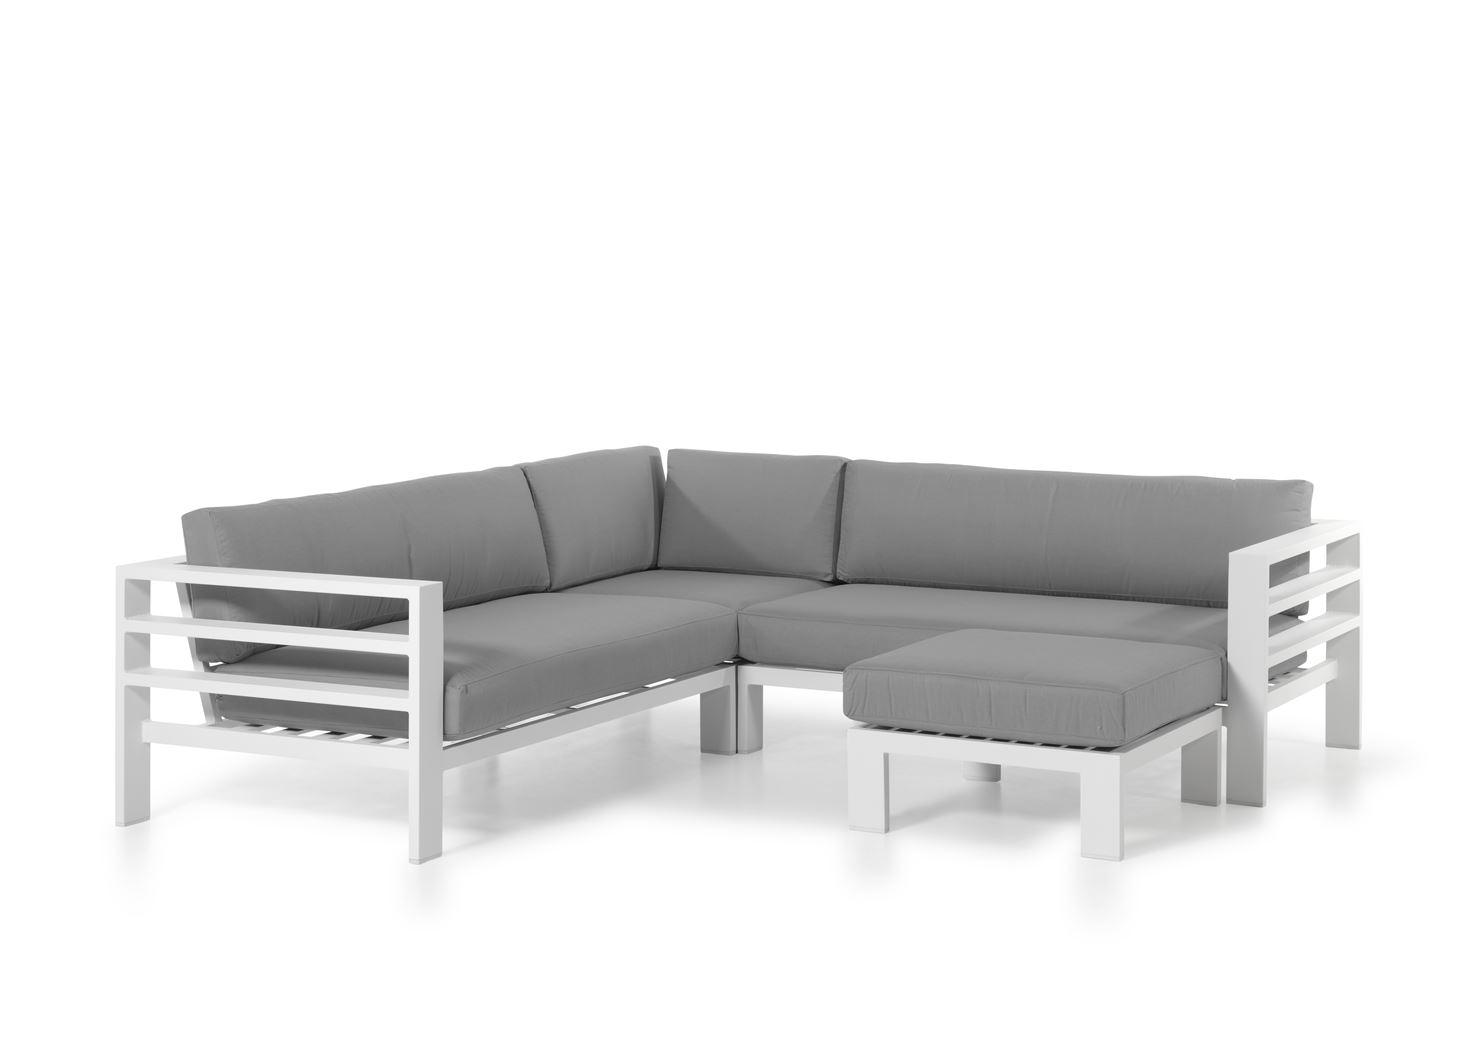 gescova cadiz modular set alu white cushions grey
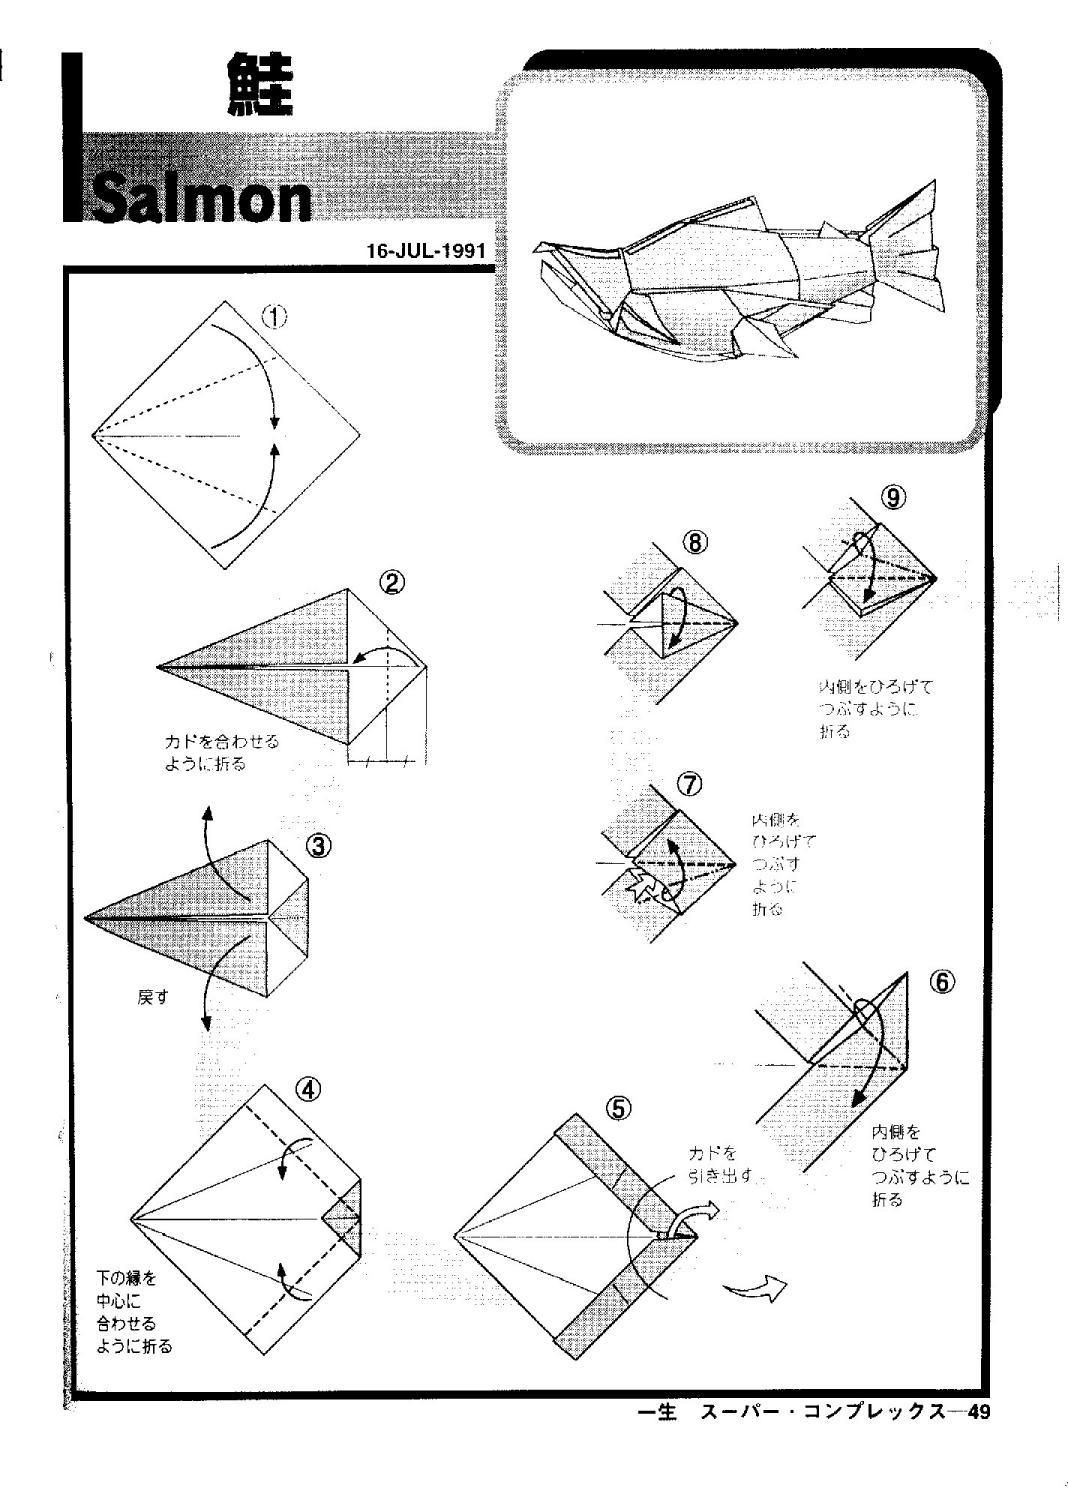 Origami Salmon Diagram Wiring Will Be A Thing Dayton Relay 1 5yr13n Super Complex Yoshino Issei Animals Pinterest Rh Com Body Parts
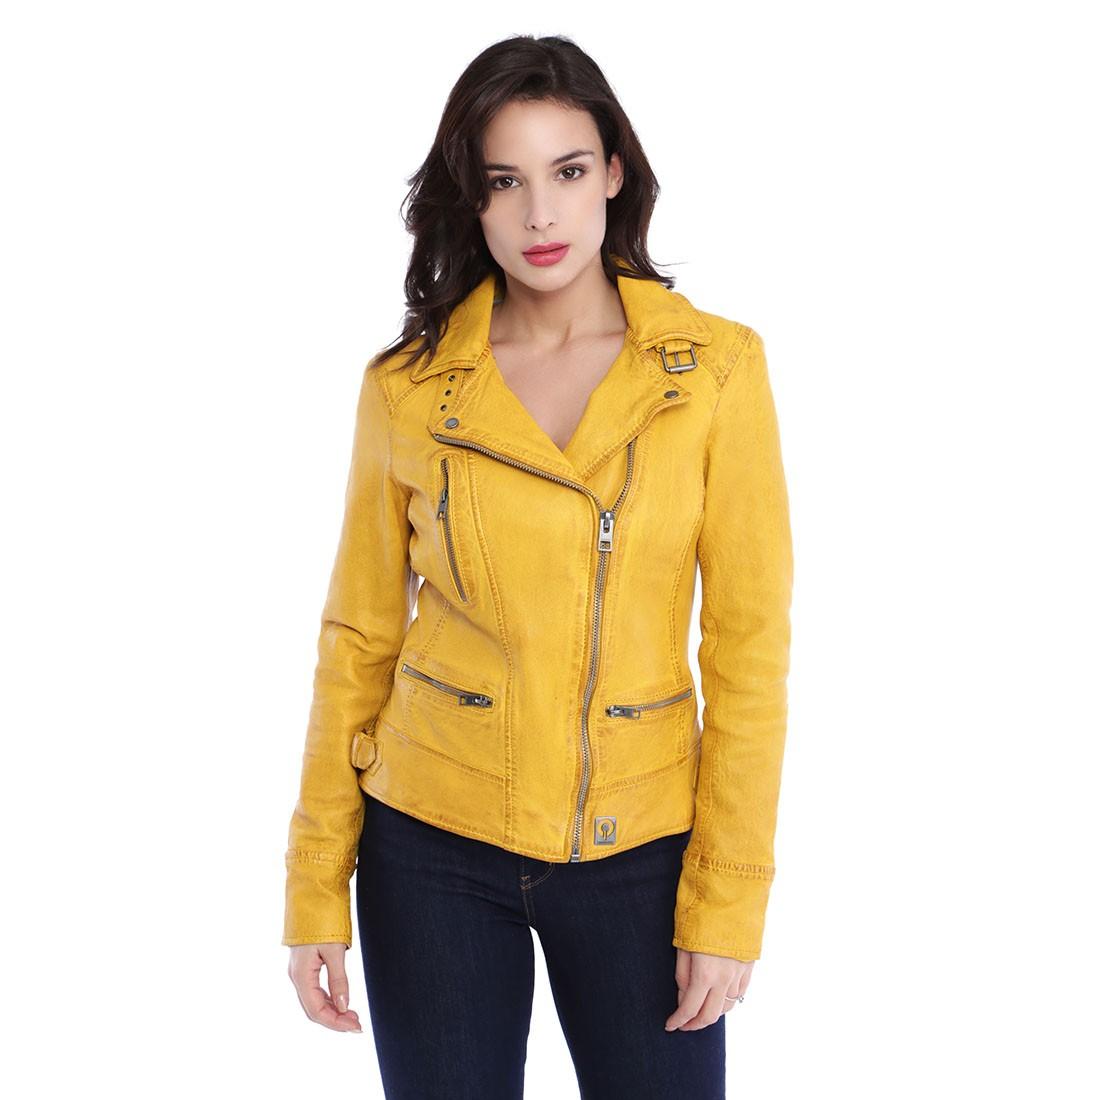 Blouson cuir oakwood femme jaune
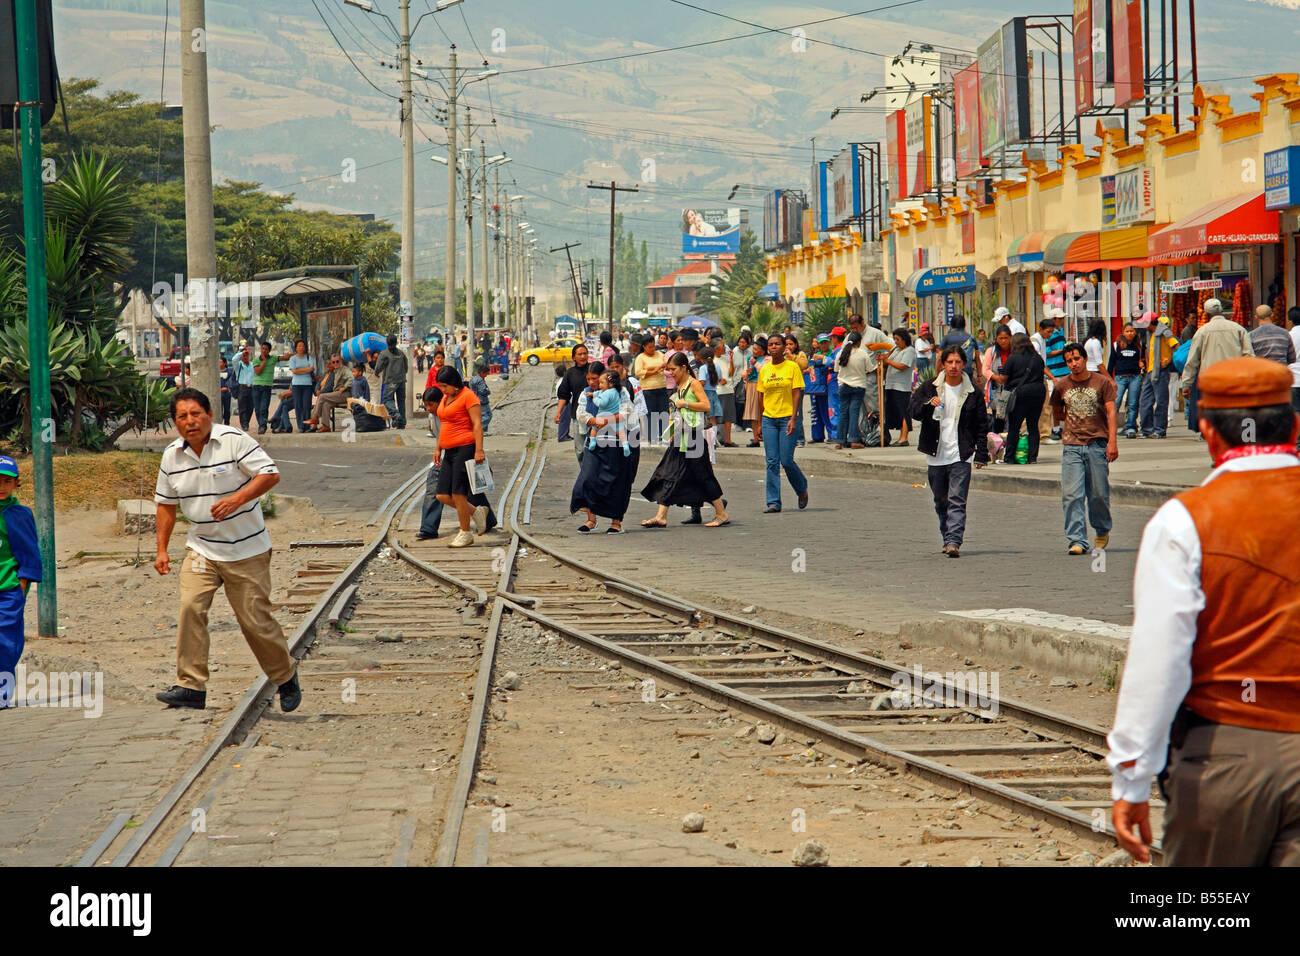 Veiw from the Chaski Antawa (Messenger Train), city of Ibarra, Ecuador - looking towards Imbabura volcano - Stock Image
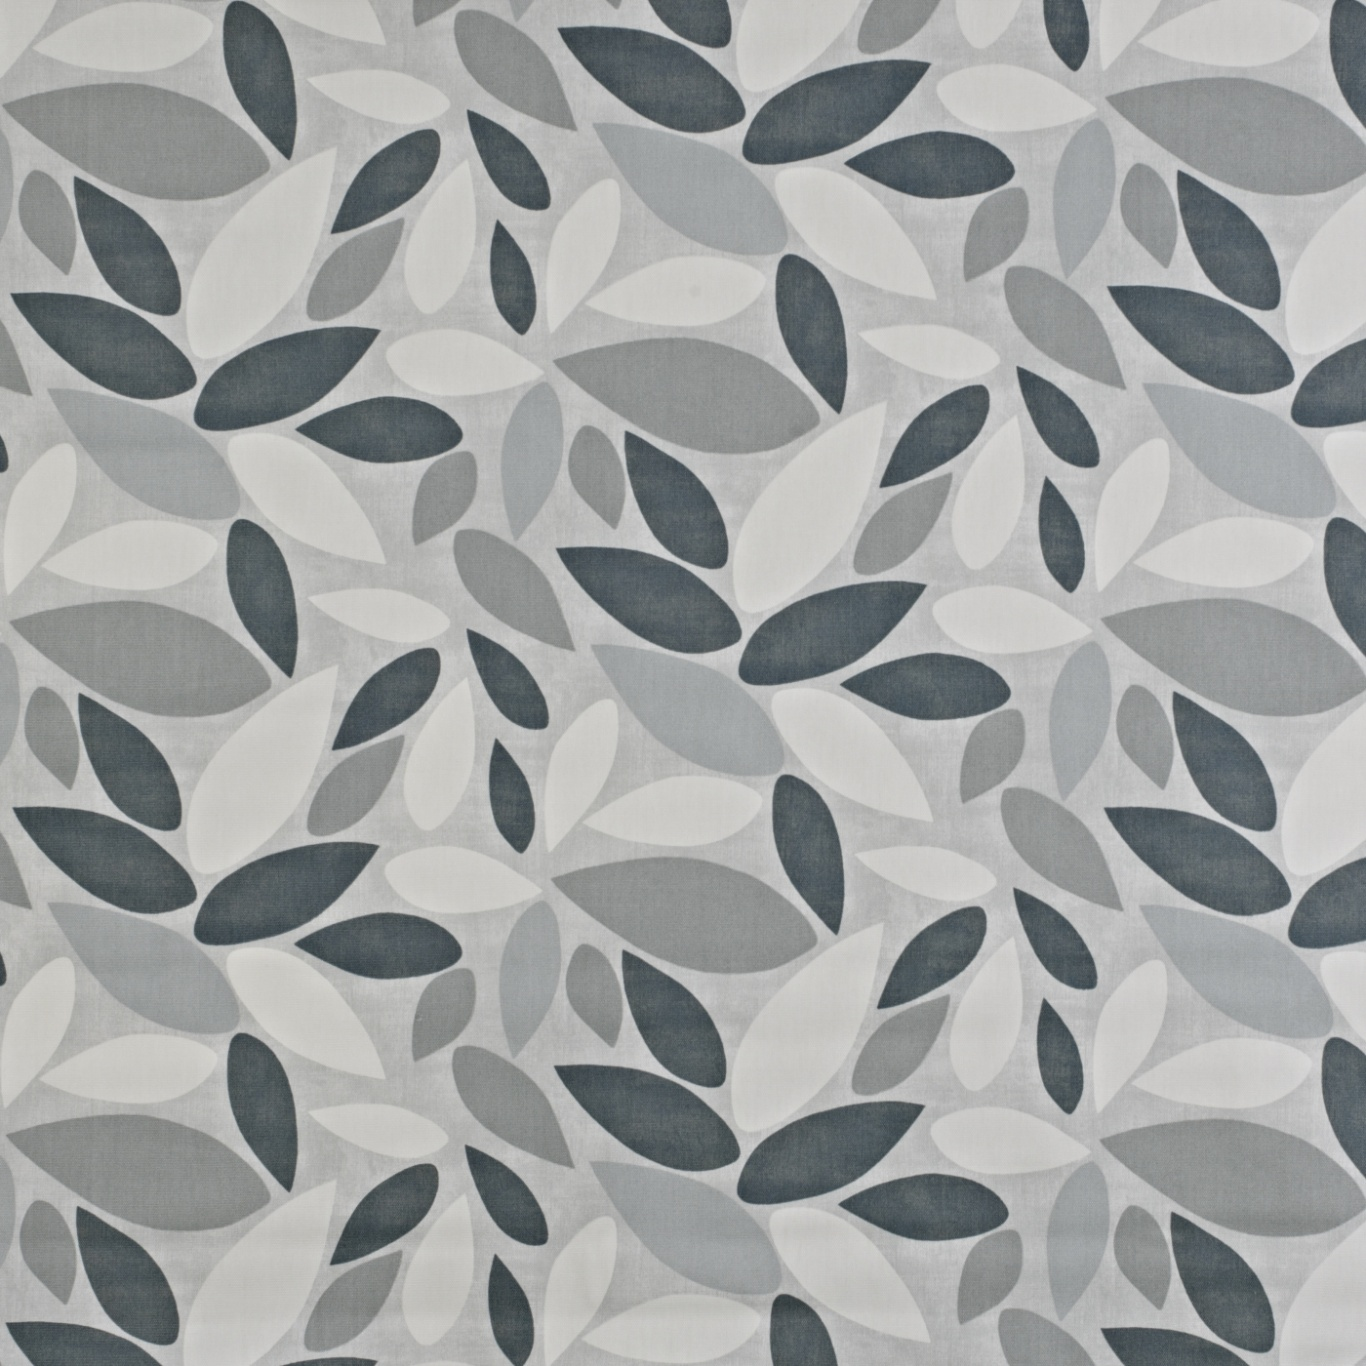 Image of Prestigious Pimlico Pebble Curtain Fabric
================================
**Instructions for the task**
Begin at the line containing "Origami Salmon Diagram" and extract every line through the end of the records, inclusive, exactly and only; omit pictures.

**Response below**
 Origami Salmon Diagram Wiring Will Be A Thing Dayton Relay 1 5yr13n Super Complex Yoshino Issei Animals Pinterest Rh Com Body Parts
 Blouson cuir oakwood femme jaune
 Veiw from the Chaski Antawa (Messenger Train), city of Ibarra, Ecuador - looking towards Imbabura volcano - Stock Image
 Image of Prestigious Pimlico Pebble Curtain Fabric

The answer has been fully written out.